На черном, алом, травяном бархате — изящество ковки и огранки, филигранные узоры, россыпи драгоценных камней самого разного оттенка и мельчайших капелек металла, уложенных в рисунок. И все это — в меру и в пору, без удручающей скудости и утомляющего глаз избытка.

— Спасибо, мастер. Но я не для себя… У вас есть что-нибудь такое же красивое, но с заговором на вдохновение?

Ювелир улыбнулся — уже по-настоящему, неожиданно мягко и открыто.

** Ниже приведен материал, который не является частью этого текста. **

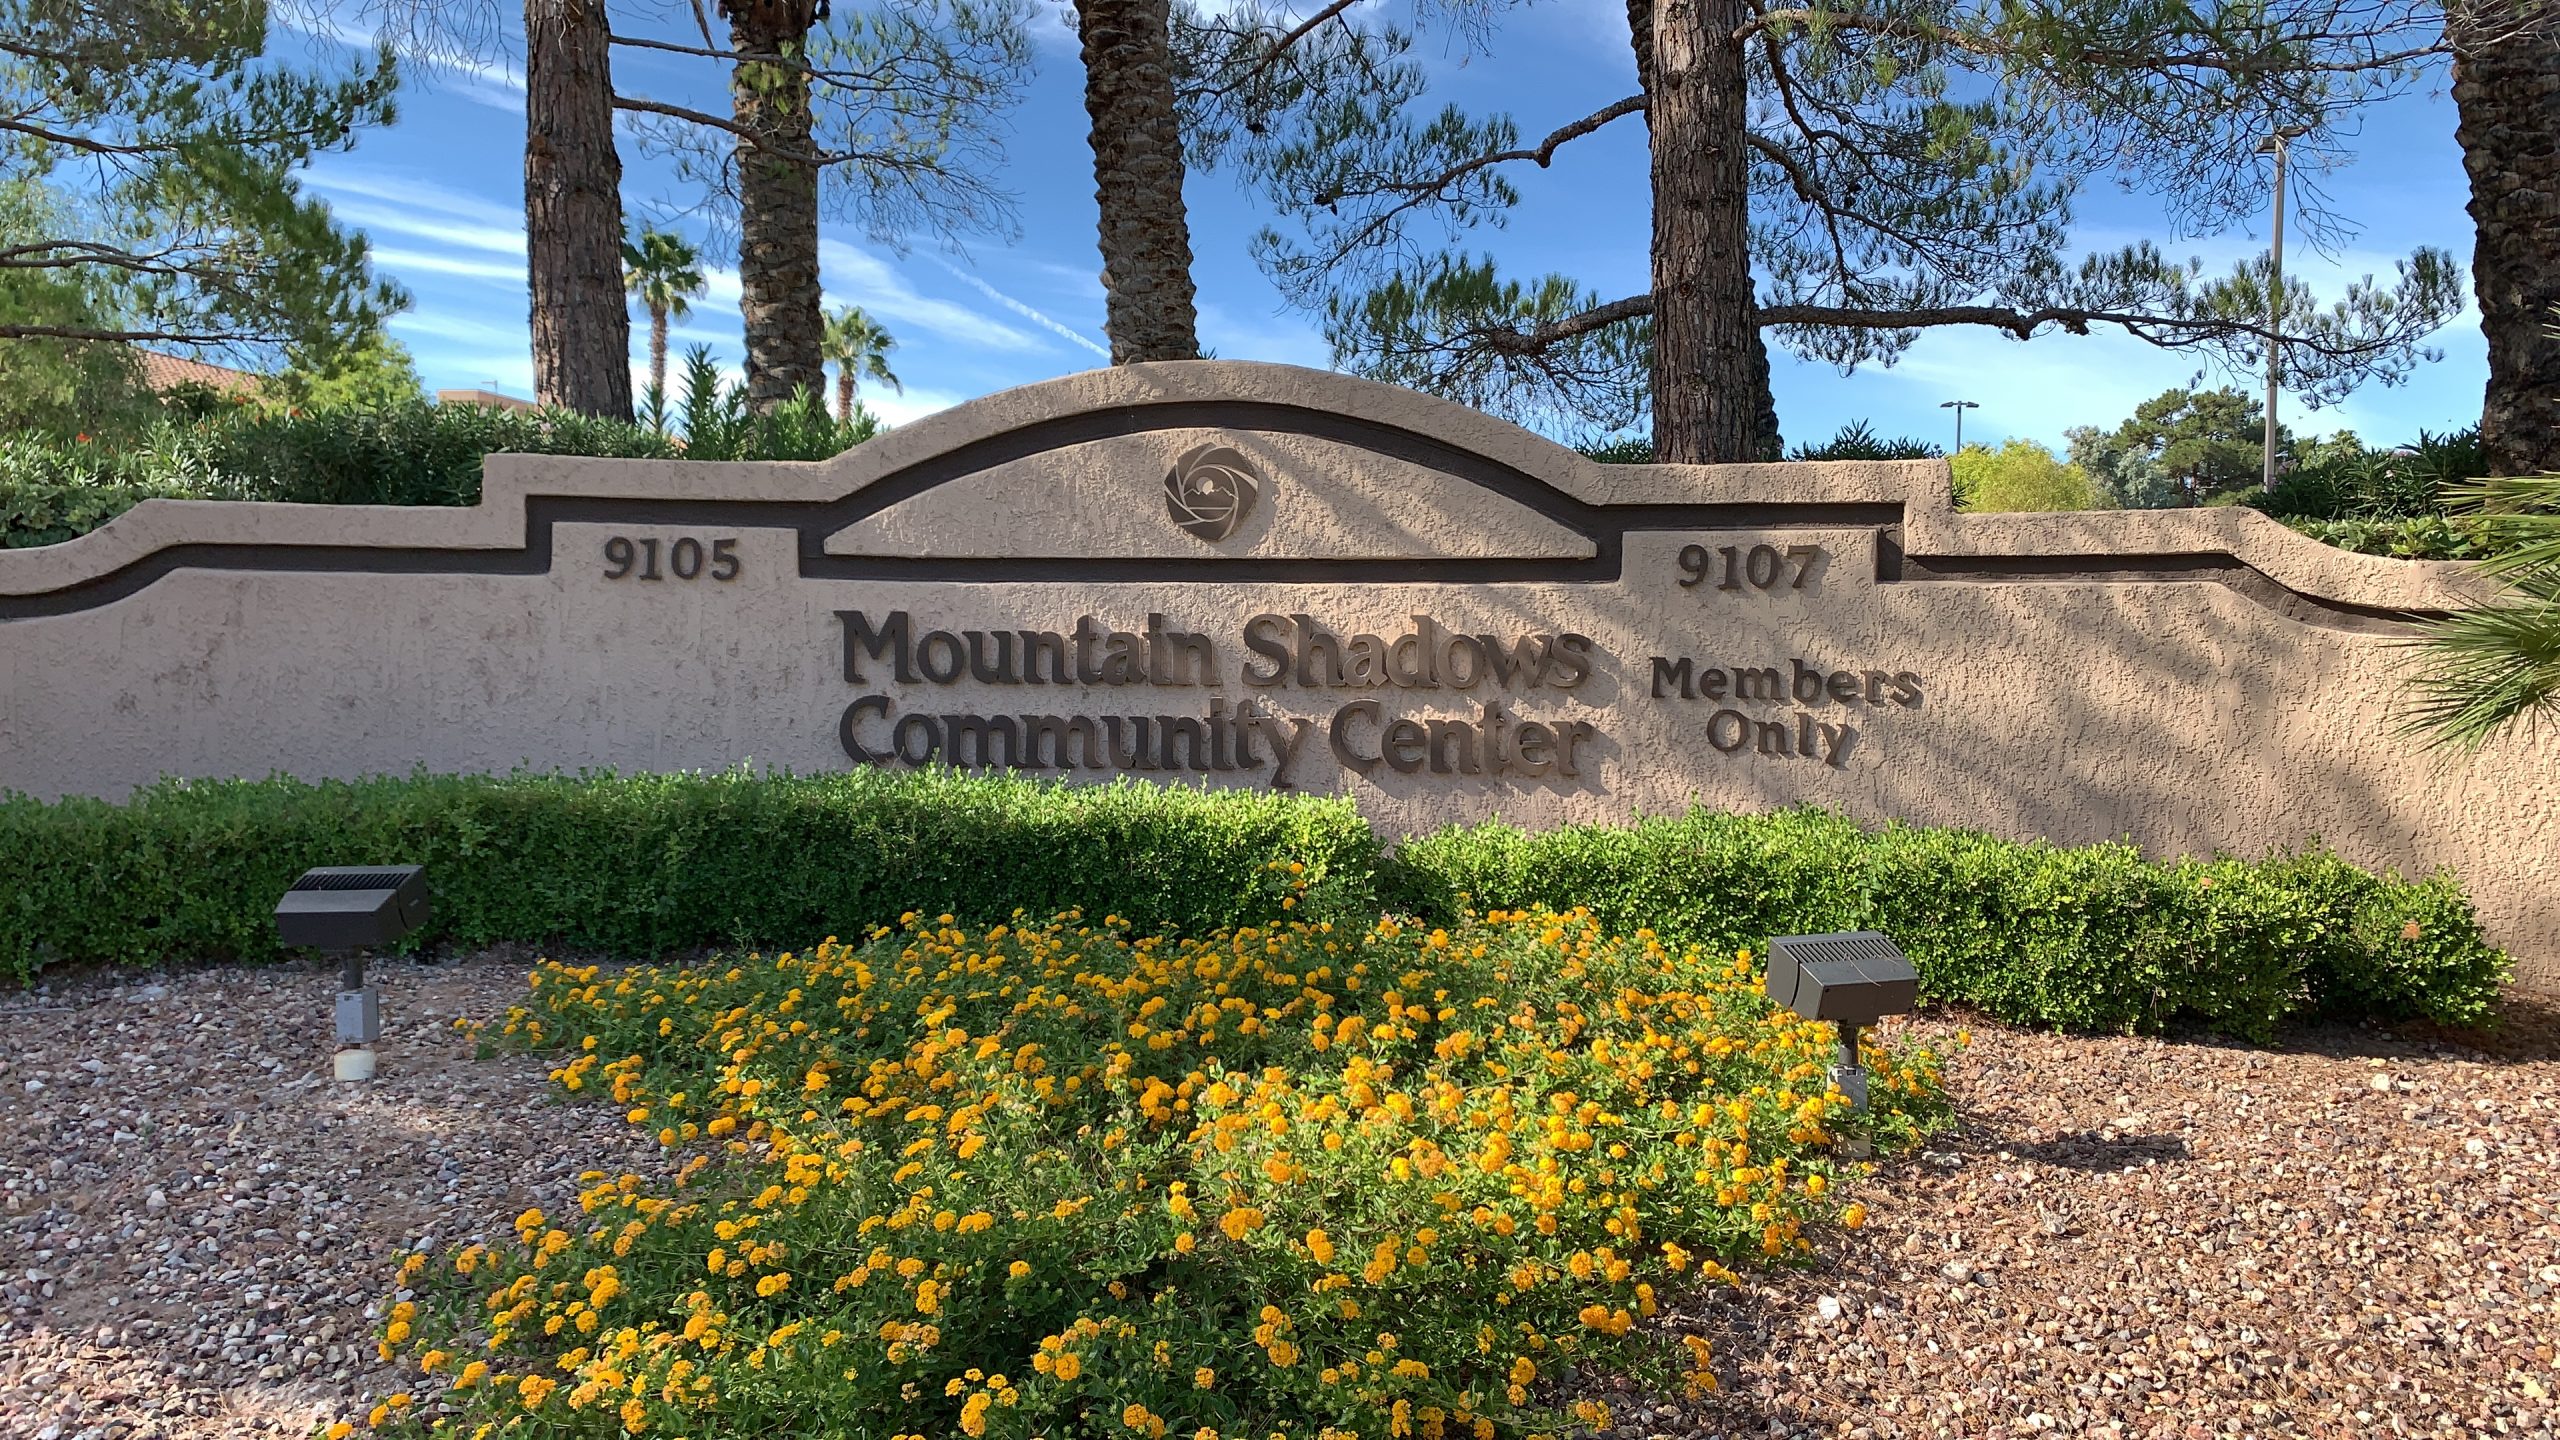 Mountain Shadows Community Center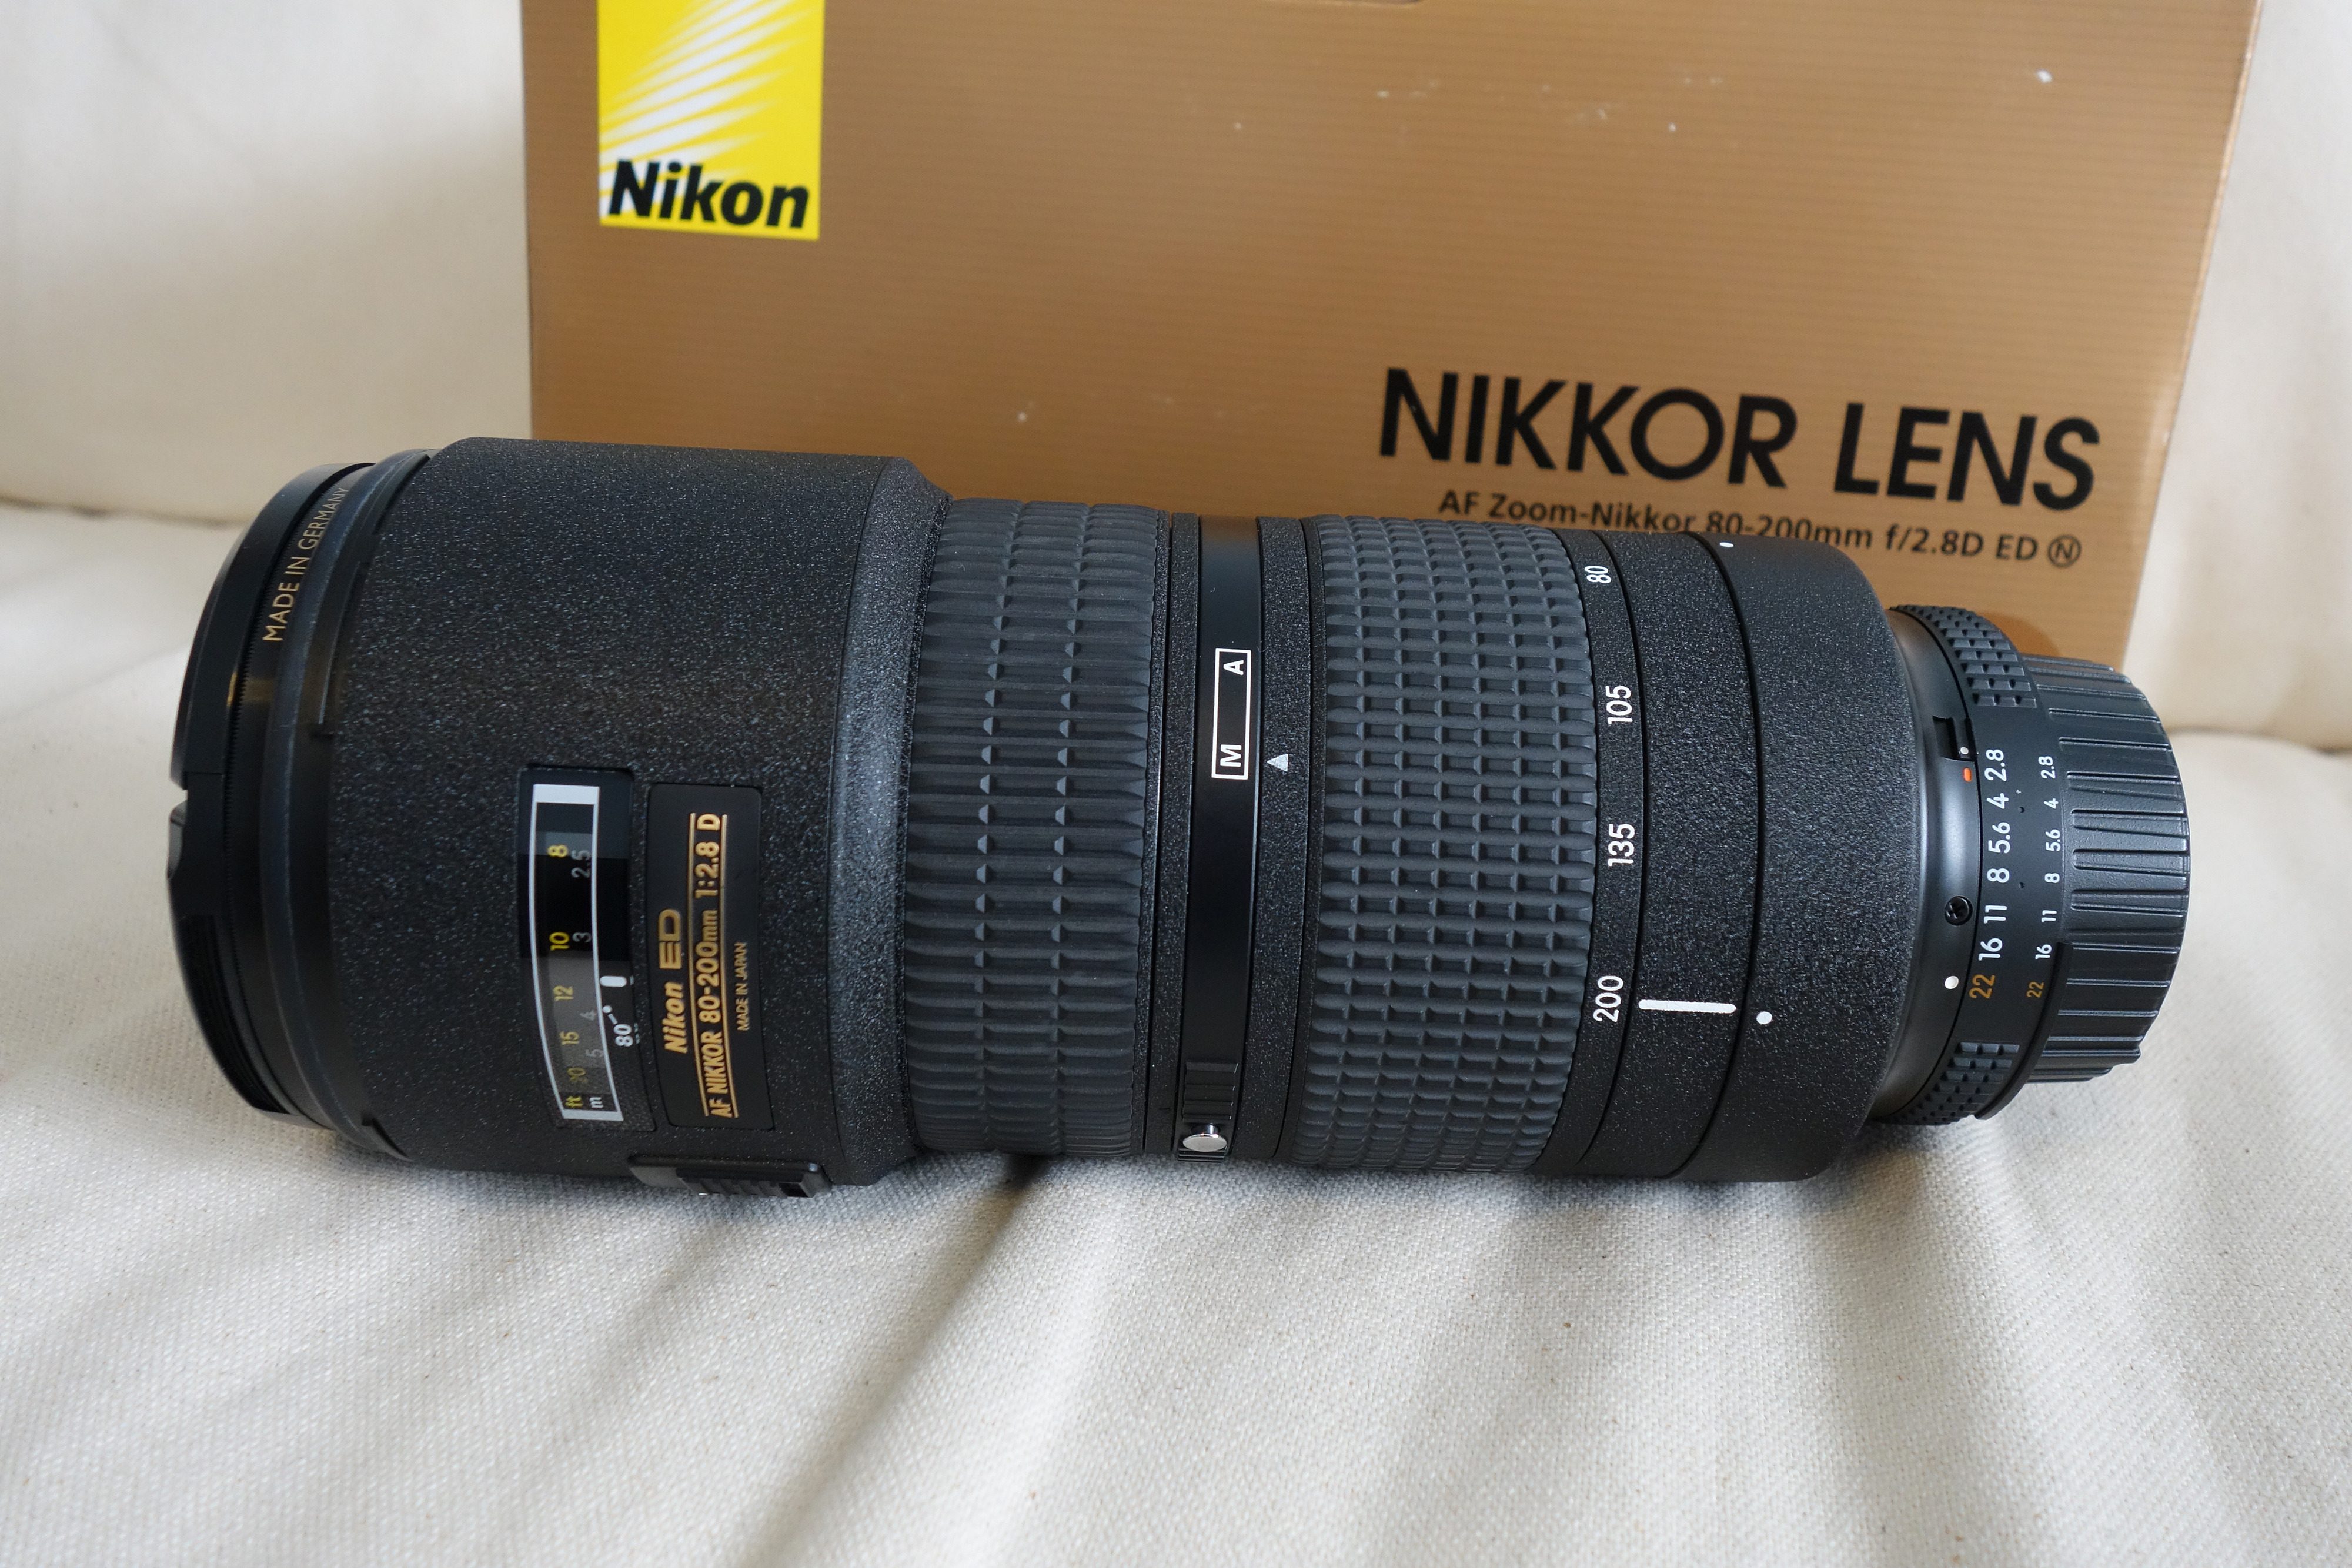  Nikon AF Zoom Nikkor 80-200mm f/2.8D ED (small steel gun)

— Такого заговора не бывает. Вдохновение или есть — или его нету. И если я верно понял — та, для кого вы хотите купить его, не нуждается в магической поддержке, как и вы сами. Впрочем, вот, взгляните…

Обтянутая зеленым бархатом коробочка, извлеченная из неприметного шкафа в углу. Внутри — двойной росчерк золота, то ли — крылья, то ли — сложенные ладони, меж которыми многоцветной искрой укрыт камешек.

Мастер смотрел на него совсем иначе, чем на выставленное в витрине — заботливо, тепло, почти нежно.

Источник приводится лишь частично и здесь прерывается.